One day Pierre came across an old photo of himself from the days before his eight years of sobriety which featured him suspended in the air, arms raised, mid-karate kick and that's about as much as he'd like to say about the meaning behind these songs (it's on the cover of the album if you want to see it, too). “I came across that photo and thought, 'I don't know why or how but this perfectly represents two completely different moments in time in two completely different ways – the past and the present' and then I went back to the songs and saw how each one affected the others,” he explains. “I feel like I finally understand artists who seem a bit cryptic. I don’t think it’s intentional but it's hard to explain something when the ideas present themselves to you and you just know that they are the right ones. It’s hard to articulate; It’s more of a feeling somewhere in your body. I've been telling people I'm currently having a really chill midlife crisis. I've crossed a street, turned around, and am now looking at where I used to be. It looks both familiar and completely foreign.”
Musically, In The Drink sees Pierre evoking his usual influences like Pavement, Superchunk, The Flaming Lips, Jawbox, The Weakerthans, Fugazi, early Collective Soul, Braid, Archers Of Loaf, Sonic Youth, Swervedriver, Dinosaur Jr., Bruce Hornsby before he crossed paths with The Range, Sleater-Kinney, Nirvana, more Jawbox, Tom Waits, The Carpenters and Eddie Money, but through his own unique perspective and sung via his instantly recognizable tenor. From the quirky, anthemic pop of “Anchor” or “I Don't Know Why She Ran Away” to more moody, darker material such as “Moonbeam” (which features guest vocals from Jenny Owen Youngs) and the experimental closer “Goodnight Hiroyuki,” the album is Pierre at his most unfiltered and the results are sublime (even if it sounds nothing like Sublime). Justin asked me if that last part was a joke. I told him it was. He had to look up the band Sublime. He agrees. This album sounds nothing like the rock band Sublime.
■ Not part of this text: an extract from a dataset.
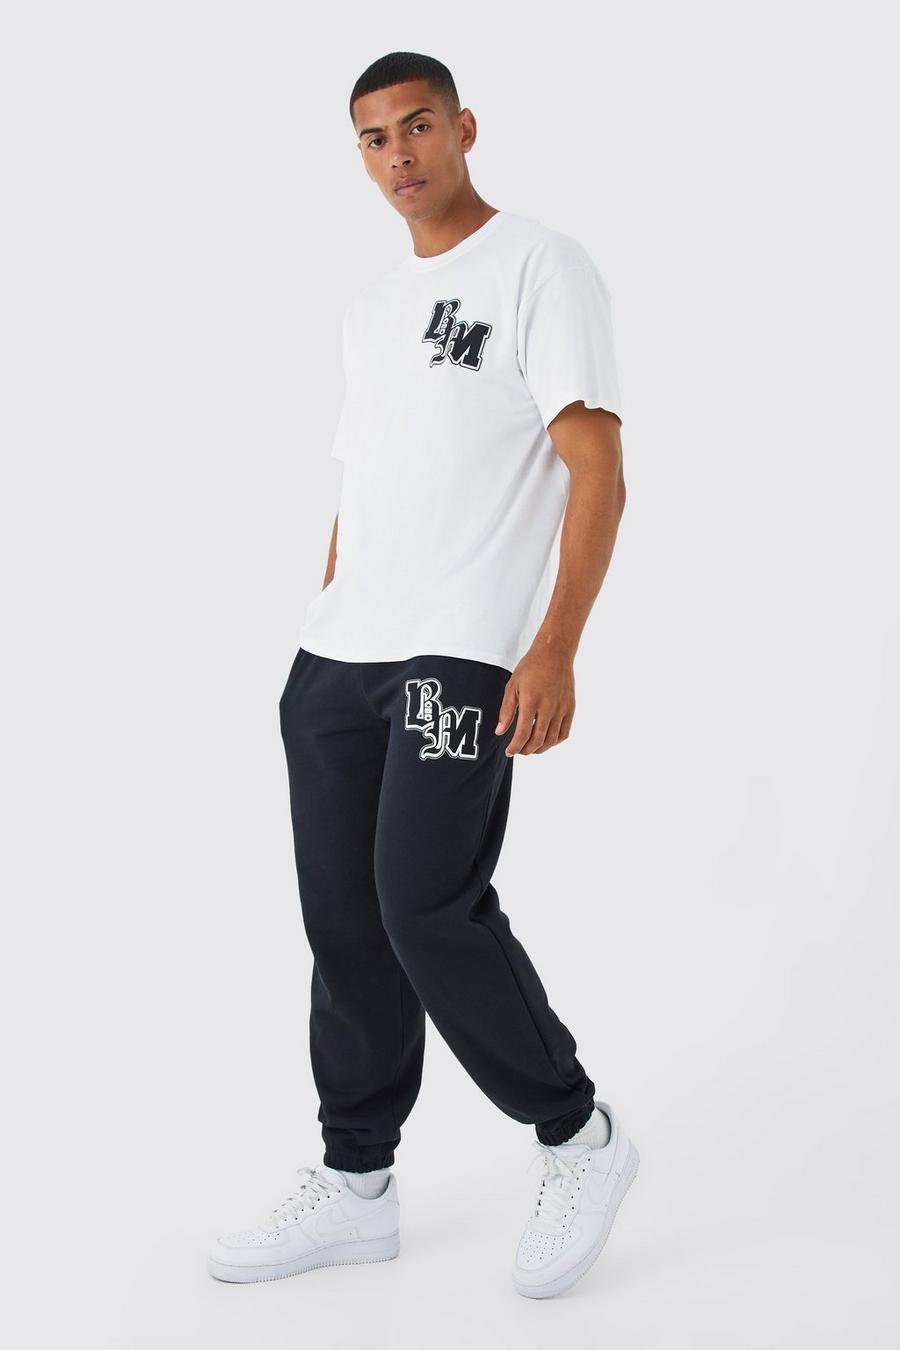 Oversize T-Shirt & Jogginghose mit Bm Print, Black noir

“All of these songs turned out exactly how I heard them in my head, time and money were our only limitations,” Pierre says. “I don't understand how drums work so I'd write these parts that didn't make any sense to Josh or David, but they both loved them. They’d say things like, 'No drummer would ever write this... don’t change it!' David also helped translate the shit out of some of the more vague ideas I had but always keep my initial vision intact,” he adds, pausing. “I think I just need you to ask me more questions because I have no idea if anything I’m saying is helpful in any way, shape or form in regard to writing this bio.”
“I was afraid but now I'm ready.”
Ultimately regardless of what happens with In The Drink, Pierre is simply excited that he had the opportunity to make this album and in that spirit he's planning on making a video for each song and exploring these concepts in multiple mediums, something he always wanted to do in his previous act. “The songs are connected to the artwork and the artwork is connected to the videos and it's a crazy amount of work but it's also extremely validating as an artist,” he summarizes. “It all just comes back to trusting my gut instinct in the sense that there are all these branches that people can follow and interpret in different ways. I know how it all connects and comes together for me but that doesn’t mean that that’s the way it is for anyone else. You know? Does that make sense?” [Sighs.]